Реконструкция горизонтов ожиданий, на основе которых создавалось и воспринималось то или иное литературное произведение, помогает нам добраться до вопросов, на которые текст первоначально отвечал, и, таким образом понять, как читатель прошлого расценивал произведение, как он понимал его. Такой подход корректирует и классический подход к искусству, и попытки модернизации произведения, и избегает объяснения произведения «общим духом времени», что ведет к мышлению по кругу. Такой подход выявляет герменевтическую разницу между прошлыми и сегодняшними путями понимания произведения, указывает на историю его рецепции – в нем заложено и то, и другое – и тем самым разоблачает как платоническую догму якобы самоочевидную истину метафизической филологии и говорит о том, что литература бессмертна, обладает объективным значением, которое раз и навсегда определено и открыто для интерпретации в любое время.
Вольфганг Изер
Вольфганг Изер (Wolfgang Iser, p. 1926) – биографические сведения и библиографическую справку см. на с. 22.

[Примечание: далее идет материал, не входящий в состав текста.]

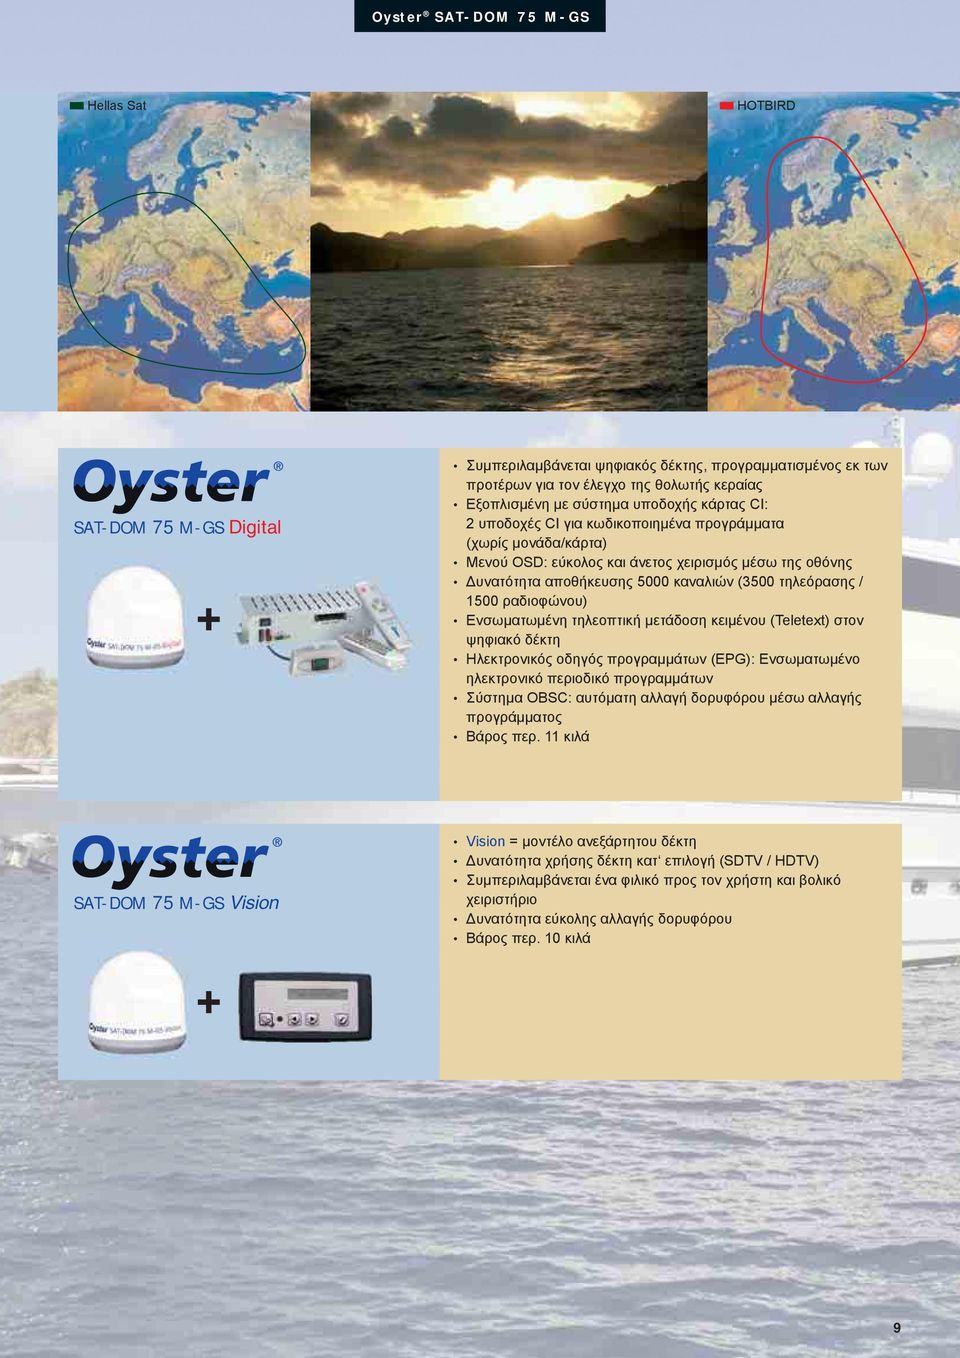 1500 ραδιοφώνου) Ενσωματωμένη τηλεοπτική μετάδοση κειμένου (Teletext) στον ψηφιακό δέκτη Ηλεκτρονικός οδηγός προγραμμάτων (EPG): Ενσωματωμένο ηλεκτρονικό περιοδικό προγραμμάτων Σύστημα OBSC: αυτόματη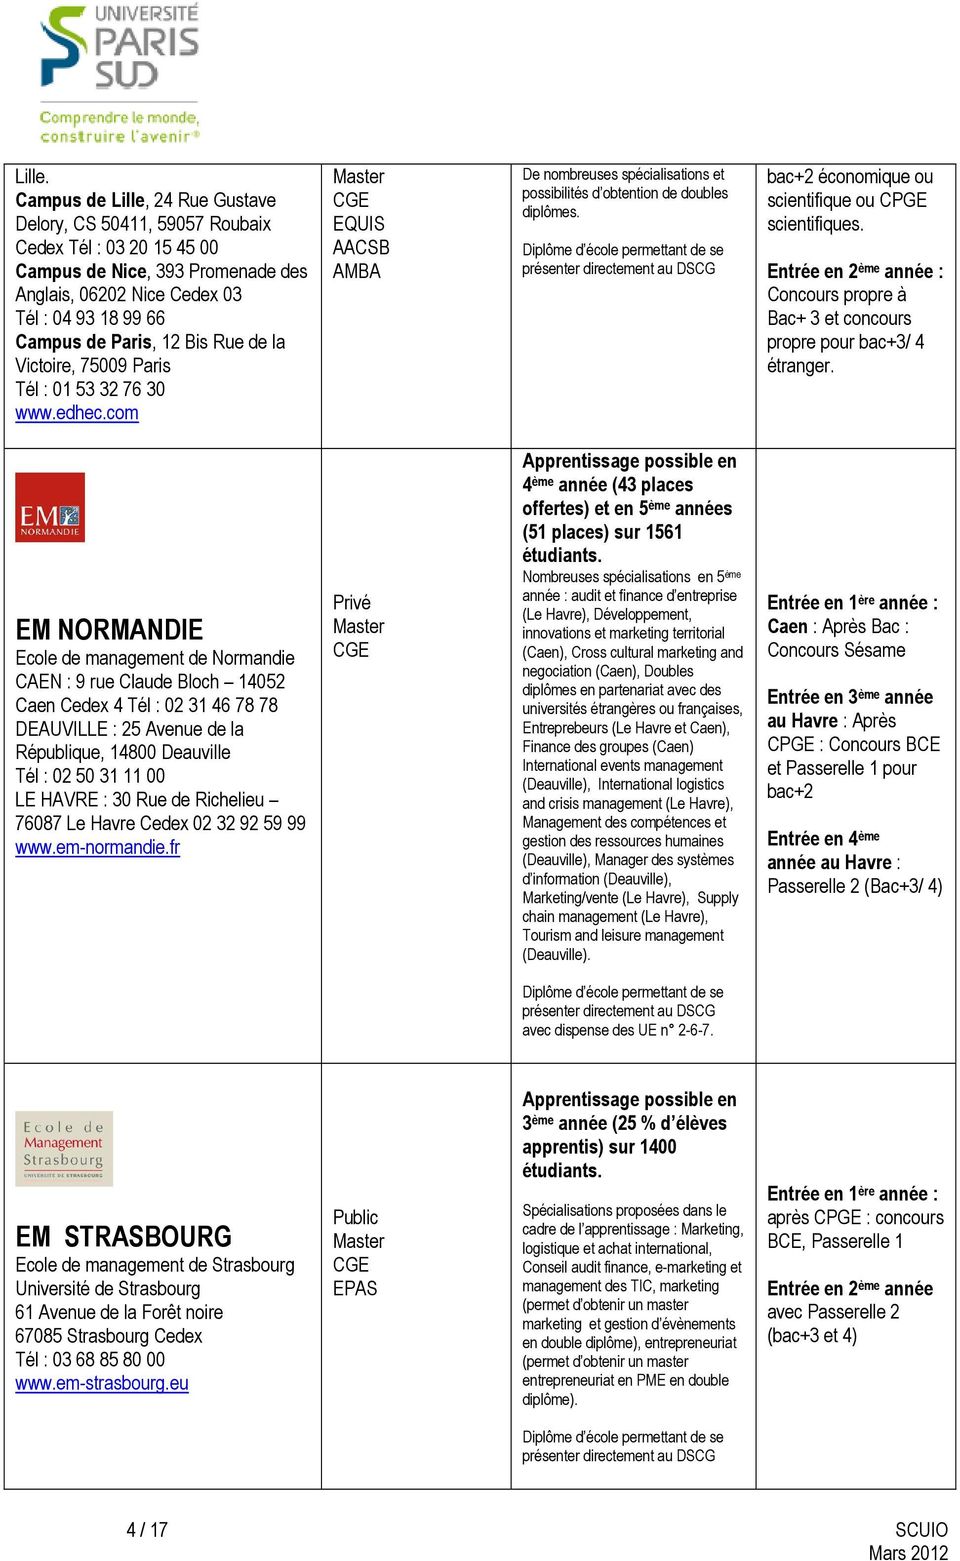 Rue de la Victoire, 75009 Paris Tél : 01 53 32 76 30 www.edhec.com De nombreuses spécialisations et possibilités d obtention de doubles diplômes.

В этом разделе Изер представлен как теоретик рецептивной эстетики своим самым широкоизвестным эссе «Процесс чтения: феноменологический подход», где ясно видна его опора на труды школы немецкой феноменологии, прежде всего Романа Ингардена и Ганса-Георга Гадамера. В отличие от своего коллеги по Констанцской школе Г.Р. Яусса, Изер при исследовании процесса чтения склонен уделять больше внимания не истории литературы, а структурной организации текста. Он избегает объективации текста, присущей «новой критике», и сосредоточен скорее на потенциальных возможностях текста, которые актуализируются в процессе чтения в зависимости от сложного комплекса внешних обстоятельств. Читатель у Изера – не конкретно-историческая личность, а идеальная абстракция, и роль читателя заключается в том, чтобы силой воображения, сотворчества заполнить пробелы и зияния в тексте. Текст оживает только благодаря читателю. Эссе «The Reading Process: A Phenomenological Approach» было впервые опубликовано в журнале «Нью литерари хистори» в 1972 г.
Вольфганг Изер
Процесс чтения: феноменологический подход
I
Феноменологическая теория искусства исходит из того, что анализ литературного произведения должен принимать во внимание не только текст произведения, но в равной степени наши ответные действия по отношению к нему. Так, Роман Ингарден противопоставляет структуру литературного произведения способам его возможной конкретизации[75]. Текст предлагает некие схемы, позволяющие пролить свет на содержание, но настоящее понимание произведения приходит только в процессе его конкретизации. Если это так, то у литературного произведения есть два полюса, которые можно назвать художническим и эстетическим: первый относится к тексту, созданному автором, второй – к тому, как читатель конкретизирует текст. Из этой полярности следует, что литературное произведение не может полностью совпадать ни с текстом автора, ни с читательским прочтением текста, а должно лежать на полпути между ними. Произведение – нечто большее, чем его написанный текст, потому что текст обретает жизнь только в процессе чтения, чтение зависит от индивидуальности читателя – и на эту индивидуальность могут, в свою очередь, воздействовать разные уровни текста. Литературное произведение появляется, когда происходит совмещение текста и воображения читателя, и невозможно указать точку, где происходит это совмещение, однако оно всегда имеет место в действительности, и его не следует идентифицировать ни с реальностью текста, ни с индивидуальными наклонностями читателя.
73
Эскарпи P. (Robert Escarpit, 1918 2000) французский социолог, с 1958 г. глава Центра социологии литературных фактов в Бордо, с 1965 Института литературы и массового художественного творчества.
74
д’Оревильи Б. (Jules Barbey d’Aurevilly, 1808—1889) – французский поэт, эссеист, автор трактата «О дендизме» (1845), романов и повестей.
75
Ингарден P. (Roman Ingarden, 1893 1970). Vom Erkennen des literarischen Kunstwerks (К познанию литературного произведения). Tubingen. 1968. S. 49.